LLenergyMeasure has two pipelines that work together to give users early, actionable feedback when their configs are invalid before an expensive engine initialisation takes place.

  ┌─────────────────────────────────────────────────────────────────────┐
  │  COMPILE-TIME (CI / Renovate-driven library bumps)                  │
  │                                                                     │
  │   Engine library source                                             │
  │   (transformers, vLLM, TRT-LLM)                                    │
  │              │                                                      │
  │              ▼                                                      │
  │   ┌─────────────────────────┐                                       │
  │   │   Invariant Miner       │  scripts/engine_miners/              │
  │   │   Pipeline              │                                       │
  │   │  ┌──────────────┐       │                                       │
  │   │  │ static miner │       │  AST walking of validator methods    │
  │   │  └──────────────┘       │                                       │
  │   │  ┌──────────────┐       │                                       │
  │   │  │dynamic miner │       │  combinatorial probing               │
  │   │  └──────────────┘       │                                       │
  │   │  ┌──────────────┐       │                                       │
  │   │  │  lift modules│       │  pydantic / msgspec / dataclass      │
  │   │  └──────────────┘       │                                       │
  │   │         │               │                                       │
  │   │    staging files        │                                       │
  │   │         │               │                                       │
  │   │    build_corpus.py      │  merge + dedup + fingerprint         │
  │   │         │               │                                       │
  │   │    validate_invariants.py      │  replay against live library         │
  │   │         │               │                                       │
  │   │  proposed corpus YAML   │  src/llenergymeasure/engines/          │
  │   │                          │  {e}.proposed.yaml                   │
  │   │  validated corpus YAML   │  src/llenergymeasure/engines/          │
  │   │                          │  {e}.validated.yaml                   │
  │   └─────────────────────────┘                                       │
  └─────────────────────────────────────────────────────────────────────┘
                      │
                      │ validated YAML ships with package
                      │
  ┌─────────────────────────────────────────────────────────────────────┐
  │  RUNTIME (user submits ExperimentConfig)                            │
  │                                                                     │
  │   User YAML / Python API                                            │
  │              │                                                      │
  │              ▼                                                      │
  │   ┌─────────────────────────┐                                       │
  │   │  Config Validation      │  src/.../config/engine_invariants/      │
  │   │  Pipeline               │  loader.py                           │
  │   │                         │                                       │
  │   │  ┌───────────────┐      │                                       │
  │   │  │ loader.py     │      │  parse corpus + evaluate predicates  │
  │   │  └───────────────┘      │                                       │
  │   │  ┌───────────────┐      │                                       │
  │   │  │ rule match    │      │  try_match() per rule per engine     │
  │   │  └───────────────┘      │                                       │
  │   │         │               │                                       │
  │   │    error / warn /       │                                       │
  │   │    dormant annotation   │                                       │
  │   └─────────────────────────┘                                       │
  │              │                                                      │
  │              ▼                                                      │
  │   User sees rejection BEFORE engine initialisation                  │
  │   (engine initialisation is expensive; this saves GPU time)         │
  └─────────────────────────────────────────────────────────────────────┘

The two pipelines

1. The invariant miner pipeline

What it does: Extracts validation invariants from ML engine library source code and packages them into a versioned corpus of structured rules. Runs in CI whenever a library version bumps (Renovate-driven).

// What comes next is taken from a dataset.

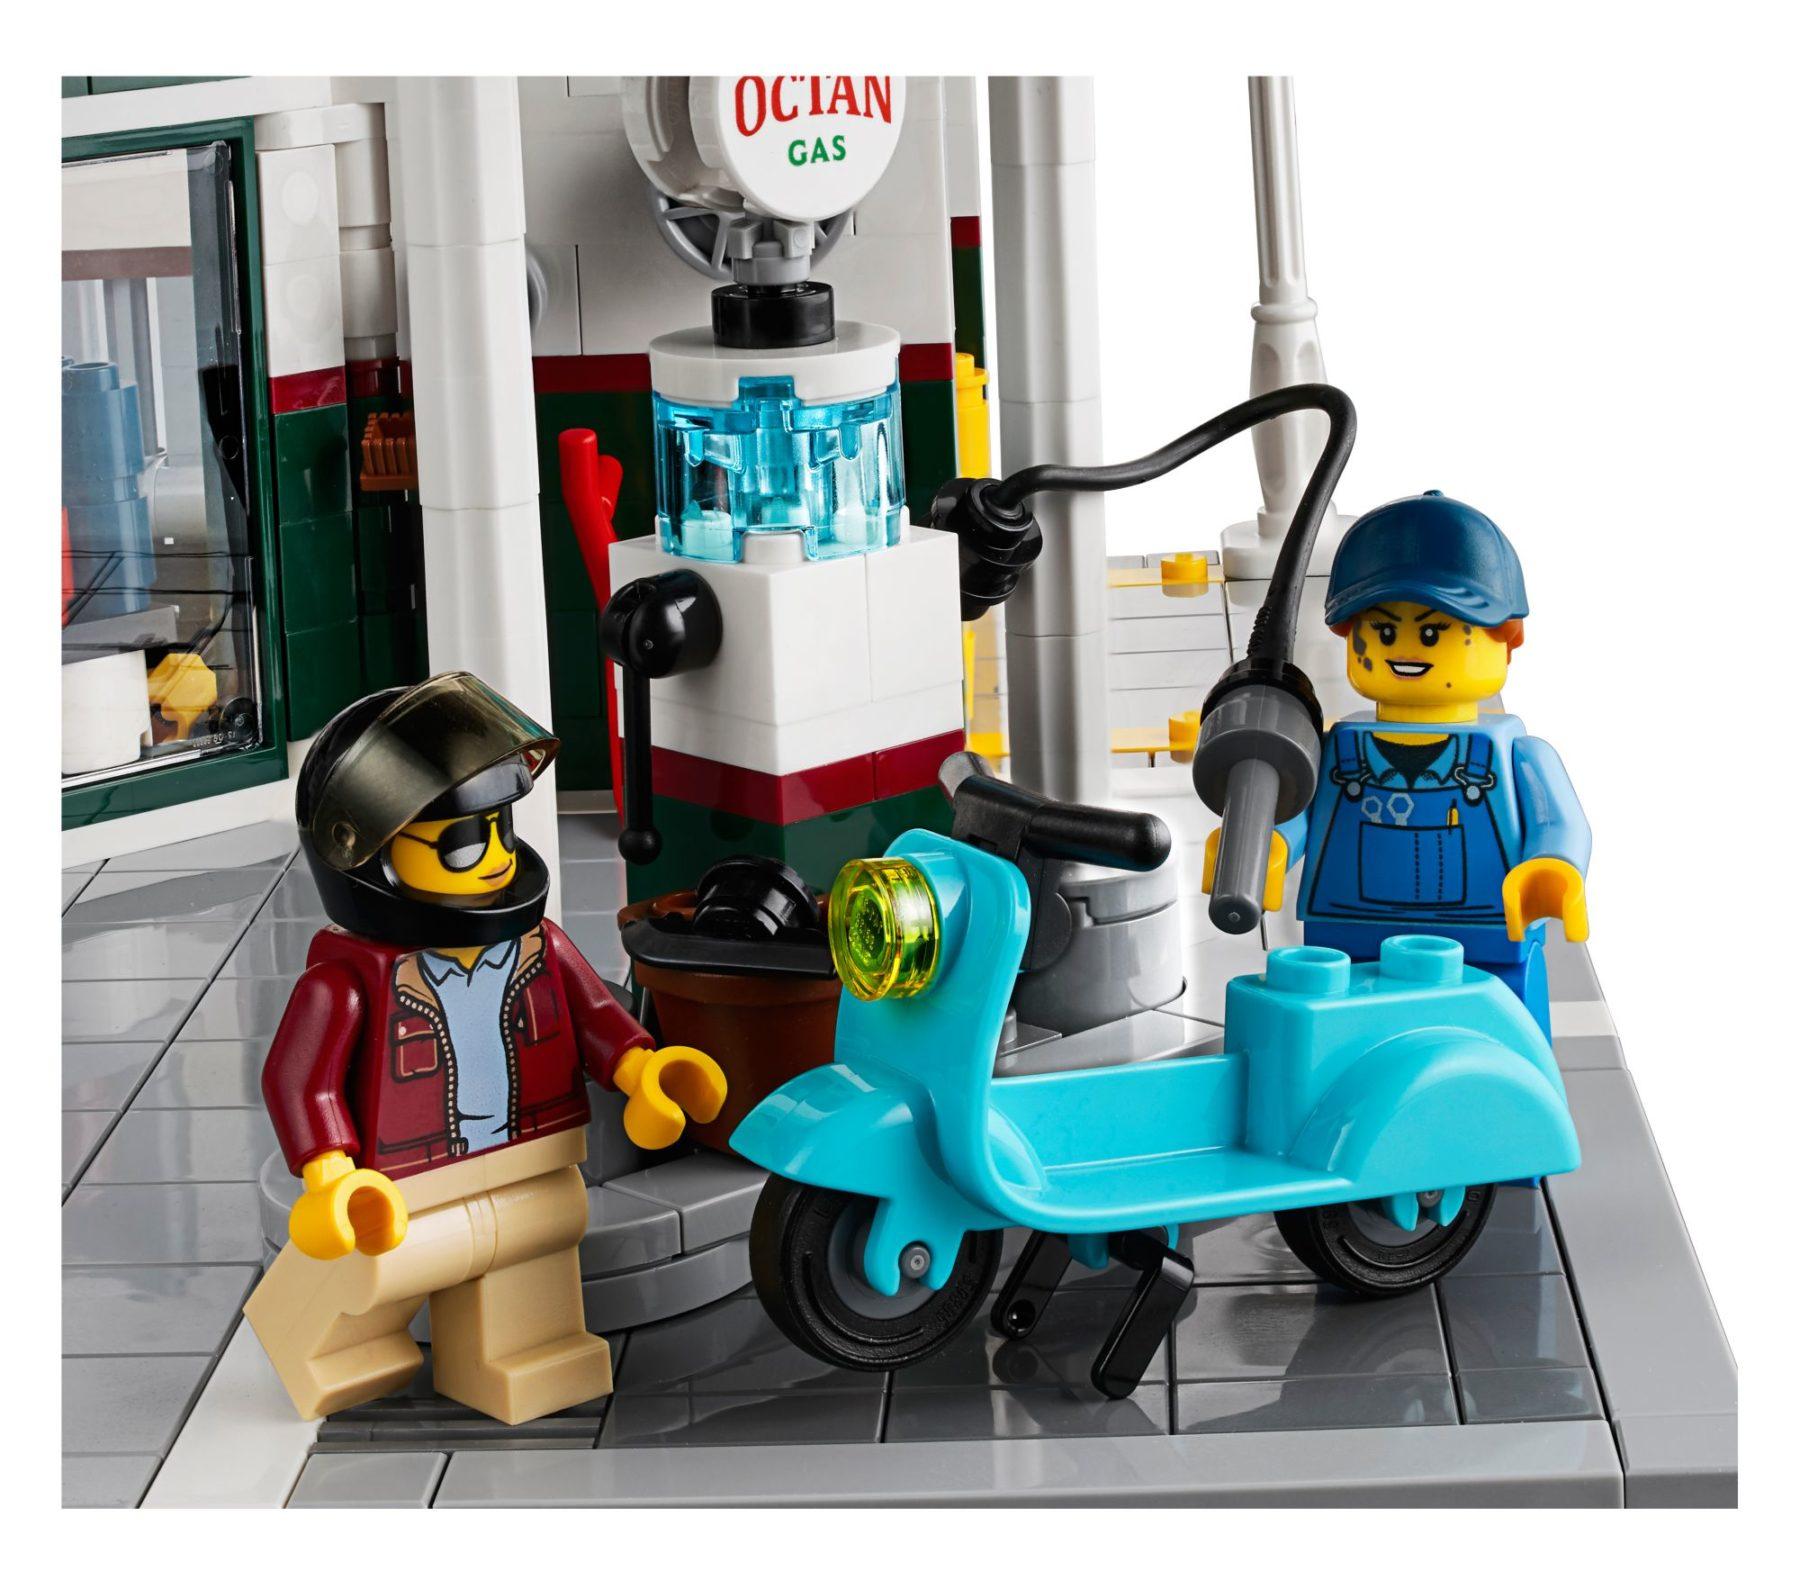 LEGO 10264 Eckgarage Modular Building: Tankstelle

Inputs: Engine library source code (at a pinned version).

Outputs: src/llenergymeasure/engines/{engine}/invariants.proposed.yaml (maintainer-seeded corpus, post-mining) and src/llenergymeasure/engines/{engine}/invariants.validated.yaml (CI-validated observed behaviour, post-validate-replay; both ship with the package).

Three components:

Static miner - walks Python AST of validator methods; no constructor calls.
Dynamic miner - instantiates config classes with combinatorial probe values; observes raise/no-raise patterns.
Lift modules (_pydantic_lift.py, _msgspec_lift.py, _dataclass_lift.py) - extract constraints directly from type-system metadata (Pydantic FieldInfo, msgspec Meta, stdlib Literal[...]).

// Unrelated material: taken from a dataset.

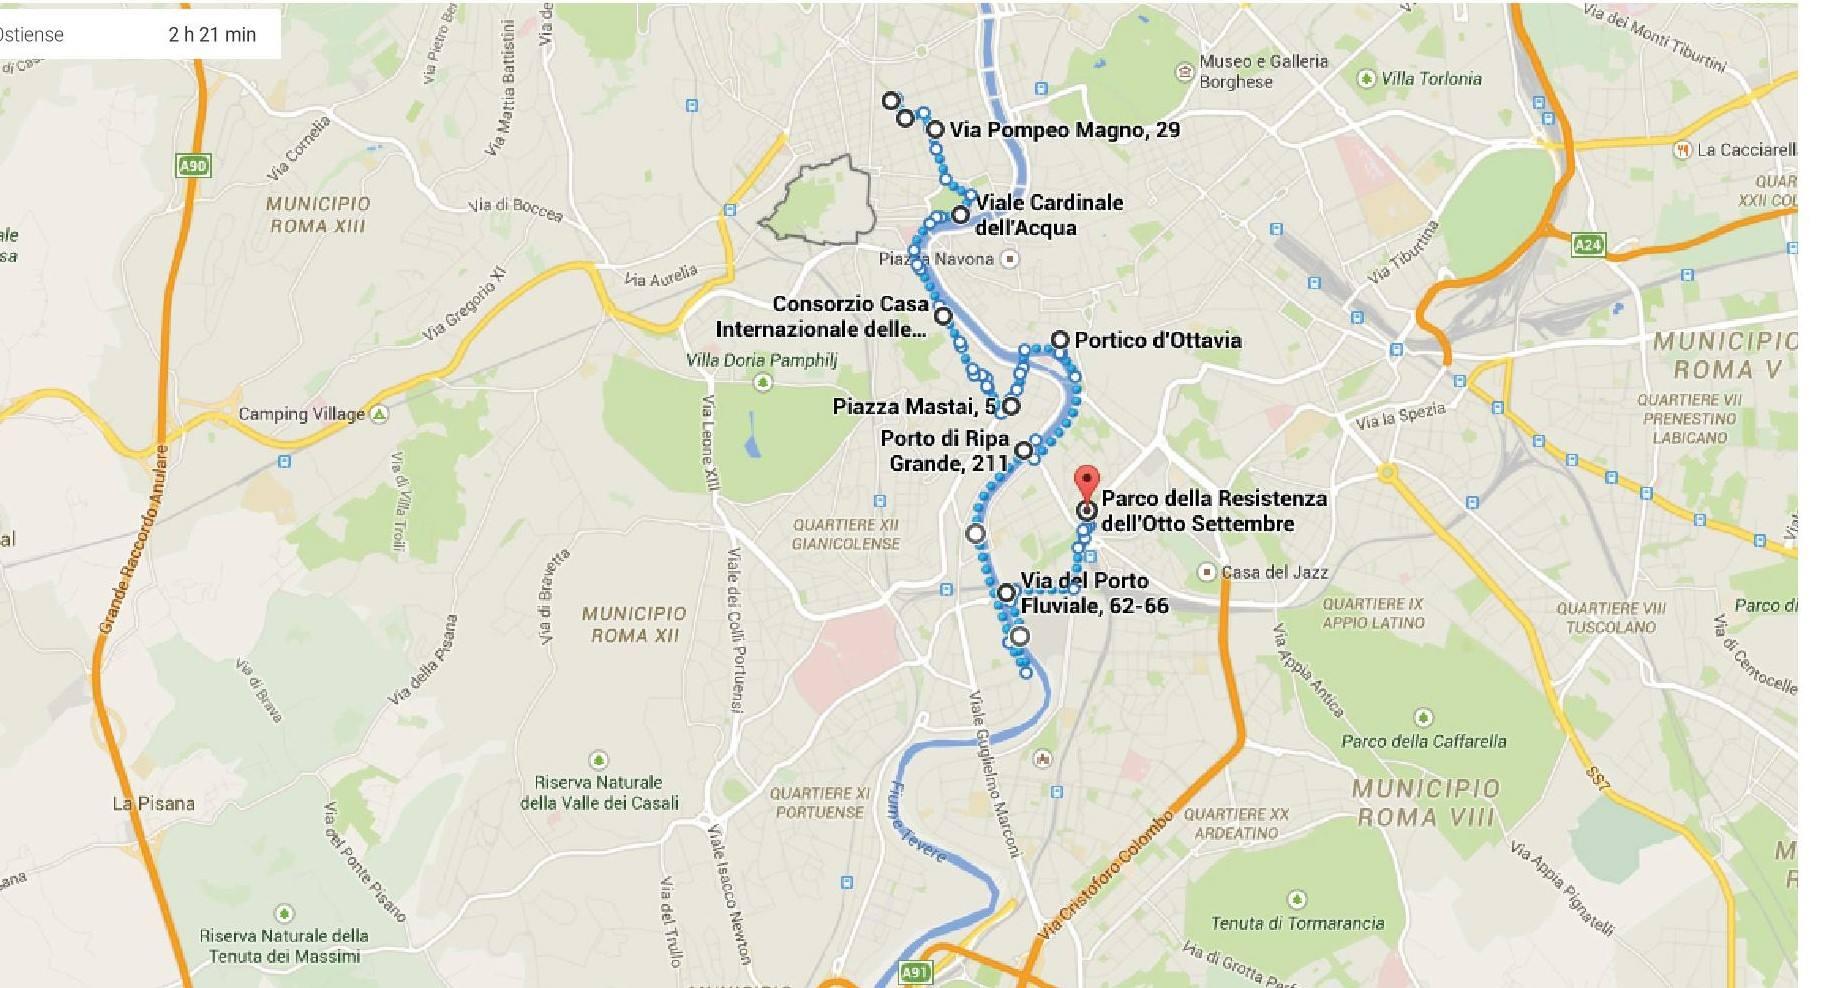 mappa 25 aprile

Deep-dive: miner-pipeline.md

2. The parameter-discovery / config-validation pipeline

What it does: At runtime, when a user submits an ExperimentConfig, evaluates each invariant in the validated corpus against the config and rejects invalid combinations before engine initialisation begins.

Inputs: User's ExperimentConfig; validated corpus YAML.

Outputs: Error / warning / dormant annotations surfaced to the user via the CLI or the Python API.

Key components:

loader.py - parses the corpus and exposes Rule.try_match().
Loader grammar - the predicate DSL (type_is, @field_ref, not_divisible_by, etc.).
Gap reporting - flags when a config combination the corpus has no rule for is encountered.

Deep-dive: parameter-discovery.md

Broader framework context

Both pipelines sit inside the larger LLenergyMeasure architecture. The config-validation pipeline plugs into Layer 0 (config/), which the rest of the stack builds on.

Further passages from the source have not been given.